By 3:30 a.m., Tissenbaum and her family were back in bed trying to fall asleep, unsure of how the next few days would play out — she wasn’t sure if Israel would respond to Iran’s attack immediately or if there was an opportunity for the mission to continue.

As it turned out, 85 of the 150 expected to take part in JNF’s mission were already in the country prompting the organization to modify its plan and continue with some of the work planned.

“It changed a bit,” Tissenbaum said.

When the Pittsburgh resident spoke with the Chronicle, she was at an IDF base helping to prepare food. The volunteers spent the previous day at a farm that had employed both Israelis as well as Gazans and those living in the West Bank.

“Of course, they’re not there now,” Tissenbaum said.

The volunteers worked five hours on the farm.

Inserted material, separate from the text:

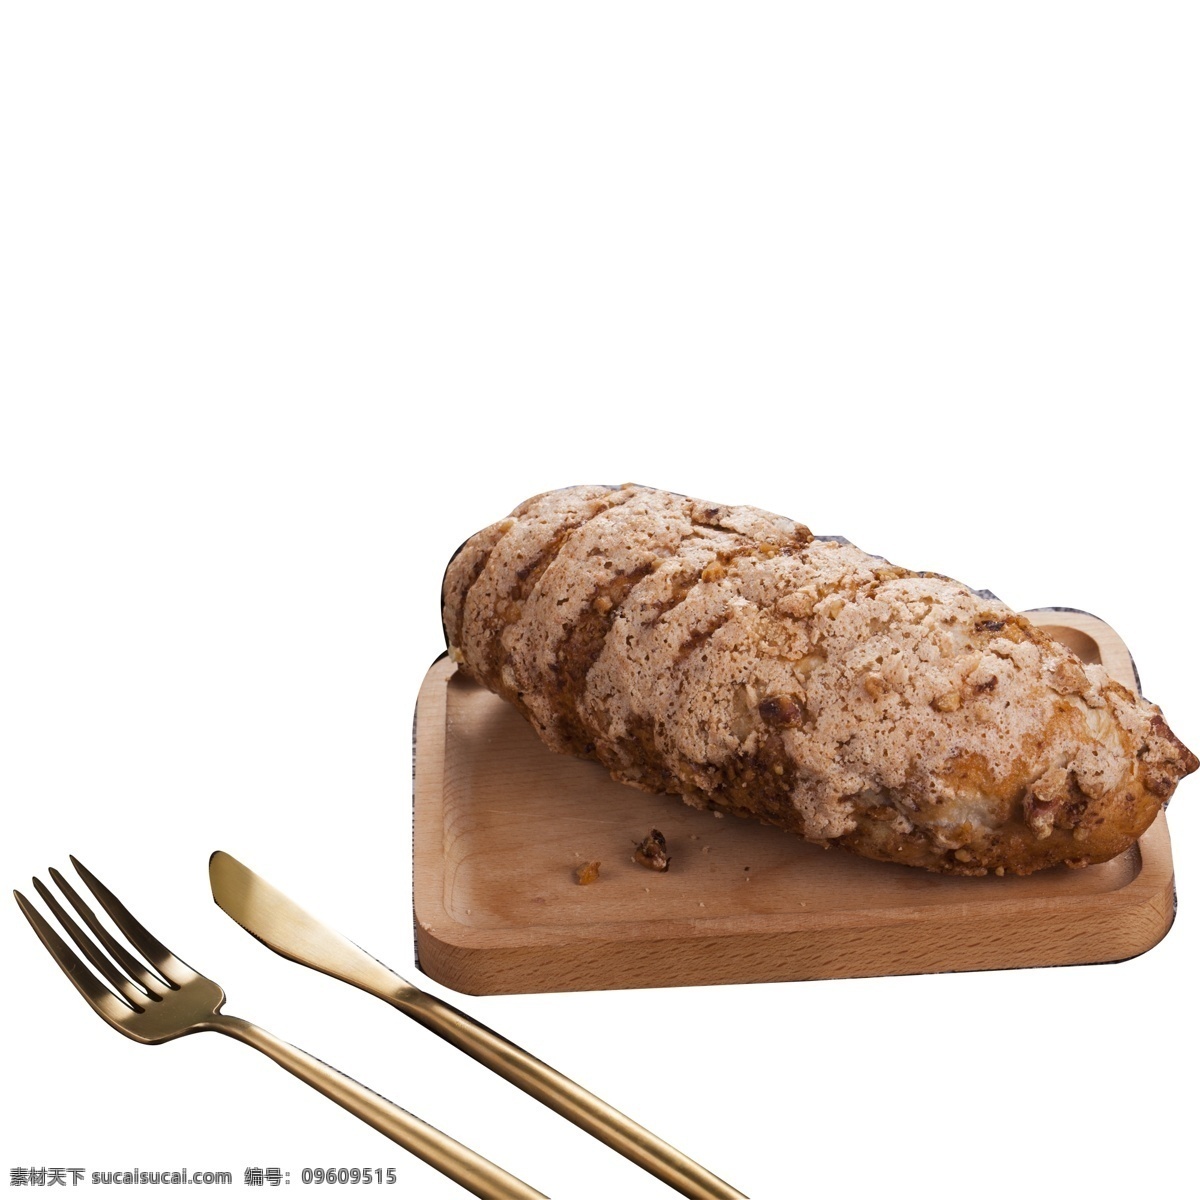 银灰色 刀具 面包 免 抠 图 新鲜的面包 刀叉 生活刀叉 厨房用品 西餐用品 叉子 生活用品 厨房工具 面食
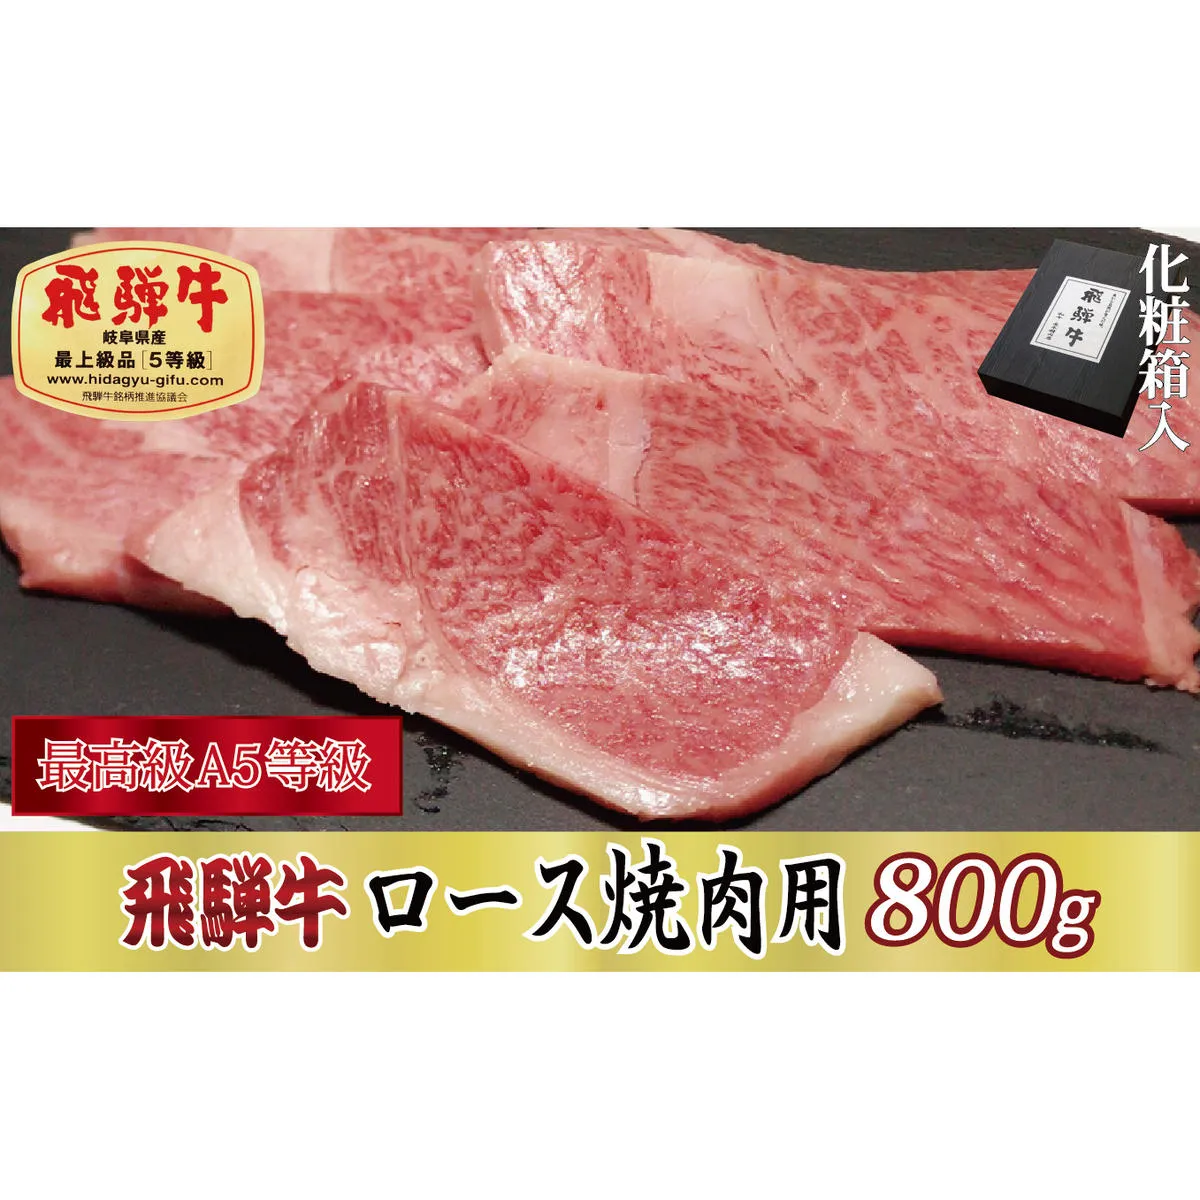 【化粧箱入り・最高級A5等級】飛騨牛ロース焼肉用800g

“It was hard work,” she noted, “but it was so satisfying.”

JNF, she said, did a “great job” changing the mission while keeping the 85 participants safe.

Of special significance, she said, has been speaking with IDF soldiers.

“They’re defending our country. It’s amazing. They are so grateful. They’re thanking us and we’re like, ‘No, thank you, you’re doing this so our kids and grandkids will have a Jewish homeland,;” she said. “It feels special that we shared the moment on Saturday with the Israelis.”